Immunohistochemical Localization of Cellular Glutathione Peroxidase in Adult Rat Tissues by Use of Newly Prepared Polyclonal Antibodies

Kazushige DOBASHI, Kohtaro ASAYAMA, Hidemasa HAYASHIBE, Afreen MUNIM, Norihiko UCHIDA,
Akira KAWAOI, and Shinpei NAKAZAWA

Abstract: Glutathione peroxidase (GPX) plays a significant role in protecting cells against oxidative stress by detoxifying H2O2 generated in various intracellular compartments. GPX was purified 2050-fold from rat liver by means of heat denaturation, ammonium sulfate fractionation and chromatographic procedures including the use of Thiol-Sepharose 4B. The specific activity of fhe purified GPX was 1670 Units/mg protein. A polyclonal antibody was raised against this protein in rabbits . The specificity of the antiserum was confirmed by Ouchterlony test. Inimunoblots showed that rat hemolysates and the homogenates of the liver, heart, kidneys and intestines all gave a single band with identical mobility.
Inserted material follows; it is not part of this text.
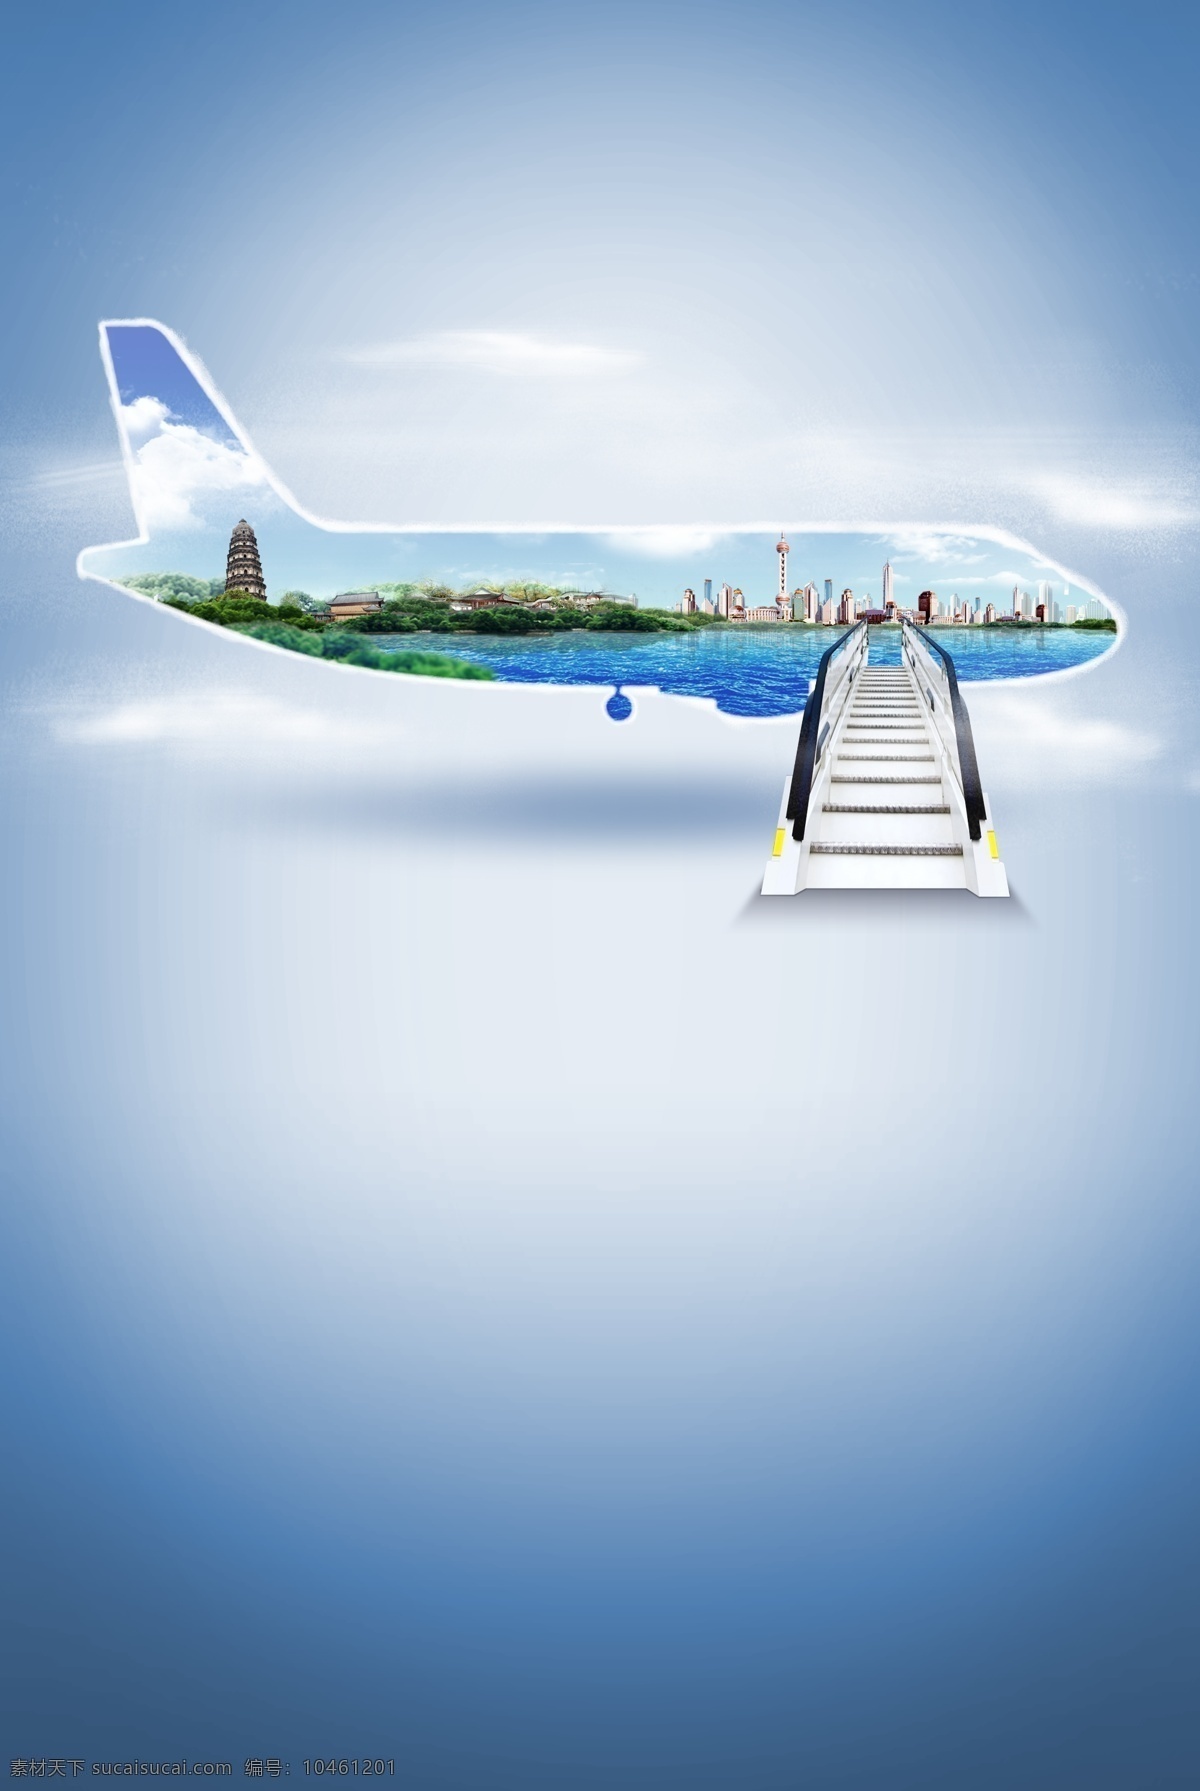 旅游 创意 飞机 合 图 背景 创意旅游背景 创意飞机合图 西安上海旅游 纯净质感旅游 创意和图背景 招贴设计

Immunohistochemical staining was performed using this antiserum at a final dilution of l:5000. The nuclei and cytoplasm in the following were intensely stained; cardiomyocytes; cartilage cells of the trachea and bronchi; epithelial cells of the trachea, bronchi, bronchioles, large intestines, renal tubules, ducts of salivary glands; alveolar macrophages; parietal cells of the stomach; the lamina propria mucosa of the small intestine; the muscular layer of the large intestine; hepatocytes, adrenocortical cells and the chief cells of the parathyroid glands. Thus, the epithelial lining and metabolically active sites were relatively rich in GPX, suggesting that GPX provides a primary defense against reactive oxygen species.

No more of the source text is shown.